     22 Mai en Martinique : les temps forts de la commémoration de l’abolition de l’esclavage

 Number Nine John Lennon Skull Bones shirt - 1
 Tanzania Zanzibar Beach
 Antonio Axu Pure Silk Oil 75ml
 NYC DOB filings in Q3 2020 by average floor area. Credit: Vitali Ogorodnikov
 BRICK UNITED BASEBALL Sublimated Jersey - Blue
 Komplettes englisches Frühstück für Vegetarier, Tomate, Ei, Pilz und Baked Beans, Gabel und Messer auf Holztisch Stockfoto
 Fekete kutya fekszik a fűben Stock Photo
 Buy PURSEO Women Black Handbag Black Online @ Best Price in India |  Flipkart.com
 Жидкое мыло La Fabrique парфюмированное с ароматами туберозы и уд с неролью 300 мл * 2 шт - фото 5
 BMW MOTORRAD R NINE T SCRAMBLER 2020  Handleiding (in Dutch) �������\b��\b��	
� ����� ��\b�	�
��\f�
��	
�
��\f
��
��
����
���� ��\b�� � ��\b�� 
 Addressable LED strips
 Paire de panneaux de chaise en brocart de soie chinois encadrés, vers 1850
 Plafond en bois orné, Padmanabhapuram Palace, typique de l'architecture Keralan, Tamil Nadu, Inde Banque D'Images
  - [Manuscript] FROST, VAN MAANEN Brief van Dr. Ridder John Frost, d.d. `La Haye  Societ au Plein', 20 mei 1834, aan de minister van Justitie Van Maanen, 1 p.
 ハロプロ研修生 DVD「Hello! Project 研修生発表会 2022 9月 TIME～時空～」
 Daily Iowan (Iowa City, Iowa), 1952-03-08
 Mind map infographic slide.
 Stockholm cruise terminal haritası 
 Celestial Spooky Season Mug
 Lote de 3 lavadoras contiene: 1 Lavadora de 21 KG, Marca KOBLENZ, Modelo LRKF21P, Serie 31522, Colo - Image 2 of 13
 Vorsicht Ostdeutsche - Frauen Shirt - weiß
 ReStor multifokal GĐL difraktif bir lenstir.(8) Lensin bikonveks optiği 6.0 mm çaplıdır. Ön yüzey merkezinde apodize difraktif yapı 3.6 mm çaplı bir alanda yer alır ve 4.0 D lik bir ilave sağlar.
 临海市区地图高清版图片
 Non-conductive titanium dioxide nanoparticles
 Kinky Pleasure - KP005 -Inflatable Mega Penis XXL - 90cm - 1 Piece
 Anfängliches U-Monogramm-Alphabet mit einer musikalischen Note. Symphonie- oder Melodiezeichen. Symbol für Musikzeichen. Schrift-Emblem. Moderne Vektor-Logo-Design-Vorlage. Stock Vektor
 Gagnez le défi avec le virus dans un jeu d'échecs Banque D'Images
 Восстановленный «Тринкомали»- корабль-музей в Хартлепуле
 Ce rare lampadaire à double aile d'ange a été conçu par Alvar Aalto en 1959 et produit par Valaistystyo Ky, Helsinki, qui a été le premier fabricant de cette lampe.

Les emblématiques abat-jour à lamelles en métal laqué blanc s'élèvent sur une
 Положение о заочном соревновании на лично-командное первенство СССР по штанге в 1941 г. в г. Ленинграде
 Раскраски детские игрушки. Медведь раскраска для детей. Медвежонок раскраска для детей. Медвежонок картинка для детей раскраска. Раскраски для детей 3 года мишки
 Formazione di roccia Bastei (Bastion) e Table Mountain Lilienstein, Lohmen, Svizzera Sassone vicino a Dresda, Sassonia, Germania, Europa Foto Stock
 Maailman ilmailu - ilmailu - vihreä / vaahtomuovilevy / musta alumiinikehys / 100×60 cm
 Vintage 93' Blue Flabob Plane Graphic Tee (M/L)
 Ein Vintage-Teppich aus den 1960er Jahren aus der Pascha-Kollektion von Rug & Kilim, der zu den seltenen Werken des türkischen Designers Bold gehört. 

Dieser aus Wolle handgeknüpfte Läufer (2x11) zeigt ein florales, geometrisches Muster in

**WHAT THIS TASK INVOLVES**.
Word for word, restate the lines above from the line containing "- [Manuscript] FROST, VAN" through the line containing "Vorsicht Ostdeutsche - Frauen Shirt - weiß", with both included and nothing else.

**RESULT BELOW**.
  - [Manuscript] FROST, VAN MAANEN Brief van Dr. Ridder John Frost, d.d. `La Haye  Societ au Plein', 20 mei 1834, aan de minister van Justitie Van Maanen, 1 p.
 ハロプロ研修生 DVD「Hello! Project 研修生発表会 2022 9月 TIME～時空～」
 Daily Iowan (Iowa City, Iowa), 1952-03-08
 Mind map infographic slide.
 Stockholm cruise terminal haritası 
 Celestial Spooky Season Mug
 Lote de 3 lavadoras contiene: 1 Lavadora de 21 KG, Marca KOBLENZ, Modelo LRKF21P, Serie 31522, Colo - Image 2 of 13
 Vorsicht Ostdeutsche - Frauen Shirt - weiß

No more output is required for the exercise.